(Extracted data entries)

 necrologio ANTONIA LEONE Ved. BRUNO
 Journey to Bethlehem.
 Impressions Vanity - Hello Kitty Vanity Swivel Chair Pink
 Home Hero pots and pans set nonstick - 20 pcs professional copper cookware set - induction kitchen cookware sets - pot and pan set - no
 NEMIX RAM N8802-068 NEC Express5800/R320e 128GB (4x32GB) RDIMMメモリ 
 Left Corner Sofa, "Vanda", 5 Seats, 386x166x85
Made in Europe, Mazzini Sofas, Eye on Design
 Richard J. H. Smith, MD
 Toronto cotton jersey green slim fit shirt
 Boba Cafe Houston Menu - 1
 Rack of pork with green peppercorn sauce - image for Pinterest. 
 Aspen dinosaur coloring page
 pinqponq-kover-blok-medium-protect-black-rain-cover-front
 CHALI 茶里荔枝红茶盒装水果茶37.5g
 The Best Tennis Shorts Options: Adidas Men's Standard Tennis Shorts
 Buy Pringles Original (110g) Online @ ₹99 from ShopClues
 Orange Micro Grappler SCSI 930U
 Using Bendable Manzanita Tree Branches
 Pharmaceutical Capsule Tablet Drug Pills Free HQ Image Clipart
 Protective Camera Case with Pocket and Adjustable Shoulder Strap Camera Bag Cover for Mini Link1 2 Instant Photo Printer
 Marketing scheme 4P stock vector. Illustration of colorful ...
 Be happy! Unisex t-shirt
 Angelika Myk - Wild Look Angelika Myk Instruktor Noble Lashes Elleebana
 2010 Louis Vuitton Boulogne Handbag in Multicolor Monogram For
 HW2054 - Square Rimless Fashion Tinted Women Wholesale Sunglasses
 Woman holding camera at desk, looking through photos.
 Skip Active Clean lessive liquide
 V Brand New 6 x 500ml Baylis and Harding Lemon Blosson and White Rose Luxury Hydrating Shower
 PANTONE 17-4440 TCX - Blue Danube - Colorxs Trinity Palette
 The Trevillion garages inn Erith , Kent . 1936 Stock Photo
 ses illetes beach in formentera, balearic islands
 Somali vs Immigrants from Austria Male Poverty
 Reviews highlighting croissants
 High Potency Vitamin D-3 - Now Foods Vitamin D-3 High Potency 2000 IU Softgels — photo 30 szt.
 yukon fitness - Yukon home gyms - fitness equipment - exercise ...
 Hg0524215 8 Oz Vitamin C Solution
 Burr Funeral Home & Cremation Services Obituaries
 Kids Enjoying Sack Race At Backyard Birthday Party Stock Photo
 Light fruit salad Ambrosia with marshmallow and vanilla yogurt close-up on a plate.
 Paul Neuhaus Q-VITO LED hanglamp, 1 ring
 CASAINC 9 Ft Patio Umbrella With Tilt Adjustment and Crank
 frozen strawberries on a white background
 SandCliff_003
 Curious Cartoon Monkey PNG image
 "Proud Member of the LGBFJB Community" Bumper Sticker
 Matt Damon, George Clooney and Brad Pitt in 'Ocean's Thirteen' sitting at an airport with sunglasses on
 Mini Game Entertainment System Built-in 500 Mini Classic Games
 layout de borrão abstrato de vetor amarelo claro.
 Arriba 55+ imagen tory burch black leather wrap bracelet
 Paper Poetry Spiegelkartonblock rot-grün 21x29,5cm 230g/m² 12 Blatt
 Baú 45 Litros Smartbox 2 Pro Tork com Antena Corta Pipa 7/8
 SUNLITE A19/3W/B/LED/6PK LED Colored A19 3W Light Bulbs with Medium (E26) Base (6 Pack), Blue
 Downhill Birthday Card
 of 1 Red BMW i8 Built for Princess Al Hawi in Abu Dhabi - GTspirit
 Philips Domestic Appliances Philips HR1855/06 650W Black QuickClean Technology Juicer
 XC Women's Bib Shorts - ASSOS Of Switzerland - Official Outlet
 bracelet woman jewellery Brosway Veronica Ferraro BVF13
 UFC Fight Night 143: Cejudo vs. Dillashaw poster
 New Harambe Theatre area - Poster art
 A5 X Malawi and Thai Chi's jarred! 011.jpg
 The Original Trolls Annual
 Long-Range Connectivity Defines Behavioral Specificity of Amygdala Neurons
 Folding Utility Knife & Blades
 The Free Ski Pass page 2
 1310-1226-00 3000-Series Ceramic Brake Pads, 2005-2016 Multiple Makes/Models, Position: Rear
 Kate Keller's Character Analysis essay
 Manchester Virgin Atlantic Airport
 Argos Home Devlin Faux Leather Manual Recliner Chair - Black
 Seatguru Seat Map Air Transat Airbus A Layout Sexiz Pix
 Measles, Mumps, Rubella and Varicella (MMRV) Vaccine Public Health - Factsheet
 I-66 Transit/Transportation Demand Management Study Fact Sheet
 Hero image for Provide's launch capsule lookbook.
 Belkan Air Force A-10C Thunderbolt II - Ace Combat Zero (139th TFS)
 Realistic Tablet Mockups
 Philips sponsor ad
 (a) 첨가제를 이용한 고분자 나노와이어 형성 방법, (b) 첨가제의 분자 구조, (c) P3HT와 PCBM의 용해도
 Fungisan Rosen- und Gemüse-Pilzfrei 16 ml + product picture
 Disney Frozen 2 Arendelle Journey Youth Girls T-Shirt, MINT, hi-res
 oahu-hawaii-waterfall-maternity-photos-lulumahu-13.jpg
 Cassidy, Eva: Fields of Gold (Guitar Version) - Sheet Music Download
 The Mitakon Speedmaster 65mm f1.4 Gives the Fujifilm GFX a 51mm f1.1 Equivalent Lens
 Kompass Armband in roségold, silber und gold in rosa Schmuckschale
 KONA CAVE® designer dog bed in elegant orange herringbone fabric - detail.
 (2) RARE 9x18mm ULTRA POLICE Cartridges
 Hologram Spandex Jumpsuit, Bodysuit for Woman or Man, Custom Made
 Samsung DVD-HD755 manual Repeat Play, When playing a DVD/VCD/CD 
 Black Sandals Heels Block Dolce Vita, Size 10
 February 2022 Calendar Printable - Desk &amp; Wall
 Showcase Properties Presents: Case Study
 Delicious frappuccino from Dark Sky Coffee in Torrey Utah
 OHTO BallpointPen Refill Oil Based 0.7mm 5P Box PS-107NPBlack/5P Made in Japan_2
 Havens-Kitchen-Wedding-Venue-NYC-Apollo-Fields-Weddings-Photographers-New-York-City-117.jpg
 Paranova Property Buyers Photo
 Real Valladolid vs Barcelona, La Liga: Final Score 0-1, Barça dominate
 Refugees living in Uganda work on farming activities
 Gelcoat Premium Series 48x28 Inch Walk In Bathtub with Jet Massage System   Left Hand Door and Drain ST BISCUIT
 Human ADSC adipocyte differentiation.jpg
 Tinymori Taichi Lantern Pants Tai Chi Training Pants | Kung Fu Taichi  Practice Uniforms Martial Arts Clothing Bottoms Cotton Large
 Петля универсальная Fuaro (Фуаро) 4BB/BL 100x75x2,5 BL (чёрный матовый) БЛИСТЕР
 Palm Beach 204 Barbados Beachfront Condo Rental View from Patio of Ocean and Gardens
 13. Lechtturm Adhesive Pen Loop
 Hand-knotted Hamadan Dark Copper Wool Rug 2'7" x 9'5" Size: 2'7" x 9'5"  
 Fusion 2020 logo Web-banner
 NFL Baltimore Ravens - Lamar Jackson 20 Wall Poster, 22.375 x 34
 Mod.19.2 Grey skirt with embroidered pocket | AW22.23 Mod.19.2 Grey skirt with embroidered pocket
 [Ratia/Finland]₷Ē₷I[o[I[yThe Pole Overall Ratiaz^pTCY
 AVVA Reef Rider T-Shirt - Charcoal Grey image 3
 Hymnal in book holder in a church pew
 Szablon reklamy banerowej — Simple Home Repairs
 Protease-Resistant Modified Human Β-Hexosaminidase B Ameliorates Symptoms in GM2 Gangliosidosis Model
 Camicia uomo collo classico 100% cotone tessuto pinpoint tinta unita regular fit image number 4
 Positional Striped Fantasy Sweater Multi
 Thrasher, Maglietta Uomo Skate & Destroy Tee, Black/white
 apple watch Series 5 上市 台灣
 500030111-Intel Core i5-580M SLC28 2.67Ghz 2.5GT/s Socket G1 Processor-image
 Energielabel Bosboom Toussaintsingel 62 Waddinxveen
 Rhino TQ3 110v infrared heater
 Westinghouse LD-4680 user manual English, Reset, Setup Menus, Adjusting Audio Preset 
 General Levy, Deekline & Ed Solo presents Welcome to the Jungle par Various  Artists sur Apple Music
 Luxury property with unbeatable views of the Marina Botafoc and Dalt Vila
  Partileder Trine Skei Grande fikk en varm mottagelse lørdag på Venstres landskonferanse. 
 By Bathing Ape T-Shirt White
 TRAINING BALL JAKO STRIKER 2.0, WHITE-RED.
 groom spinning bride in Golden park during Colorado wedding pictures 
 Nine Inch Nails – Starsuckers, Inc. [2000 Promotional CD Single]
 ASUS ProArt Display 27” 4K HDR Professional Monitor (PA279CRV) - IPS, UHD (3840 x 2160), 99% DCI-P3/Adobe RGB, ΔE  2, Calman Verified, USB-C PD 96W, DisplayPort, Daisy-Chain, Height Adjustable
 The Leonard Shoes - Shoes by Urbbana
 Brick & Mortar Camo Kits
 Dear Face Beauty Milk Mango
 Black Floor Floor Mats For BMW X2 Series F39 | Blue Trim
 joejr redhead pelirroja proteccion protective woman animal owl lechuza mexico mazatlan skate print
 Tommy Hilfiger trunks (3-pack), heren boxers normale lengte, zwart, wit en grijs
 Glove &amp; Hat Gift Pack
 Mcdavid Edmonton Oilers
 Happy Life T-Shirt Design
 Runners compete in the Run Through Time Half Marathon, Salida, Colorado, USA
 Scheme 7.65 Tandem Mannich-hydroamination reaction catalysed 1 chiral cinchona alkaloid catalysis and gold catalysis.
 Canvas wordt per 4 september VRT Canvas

# AIM OF THE TASK:
Retype, exactly and in full, the lines above from the one containing "frozen strawberries on a white background" through the one containing "Manchester Virgin Atlantic Airport".

# THE COMPLETED TASK:
 frozen strawberries on a white background
 SandCliff_003
 Curious Cartoon Monkey PNG image
 "Proud Member of the LGBFJB Community" Bumper Sticker
 Matt Damon, George Clooney and Brad Pitt in 'Ocean's Thirteen' sitting at an airport with sunglasses on
 Mini Game Entertainment System Built-in 500 Mini Classic Games
 layout de borrão abstrato de vetor amarelo claro.
 Arriba 55+ imagen tory burch black leather wrap bracelet
 Paper Poetry Spiegelkartonblock rot-grün 21x29,5cm 230g/m² 12 Blatt
 Baú 45 Litros Smartbox 2 Pro Tork com Antena Corta Pipa 7/8
 SUNLITE A19/3W/B/LED/6PK LED Colored A19 3W Light Bulbs with Medium (E26) Base (6 Pack), Blue
 Downhill Birthday Card
 of 1 Red BMW i8 Built for Princess Al Hawi in Abu Dhabi - GTspirit
 Philips Domestic Appliances Philips HR1855/06 650W Black QuickClean Technology Juicer
 XC Women's Bib Shorts - ASSOS Of Switzerland - Official Outlet
 bracelet woman jewellery Brosway Veronica Ferraro BVF13
 UFC Fight Night 143: Cejudo vs. Dillashaw poster
 New Harambe Theatre area - Poster art
 A5 X Malawi and Thai Chi's jarred! 011.jpg
 The Original Trolls Annual
 Long-Range Connectivity Defines Behavioral Specificity of Amygdala Neurons
 Folding Utility Knife & Blades
 The Free Ski Pass page 2
 1310-1226-00 3000-Series Ceramic Brake Pads, 2005-2016 Multiple Makes/Models, Position: Rear
 Kate Keller's Character Analysis essay
 Manchester Virgin Atlantic Airport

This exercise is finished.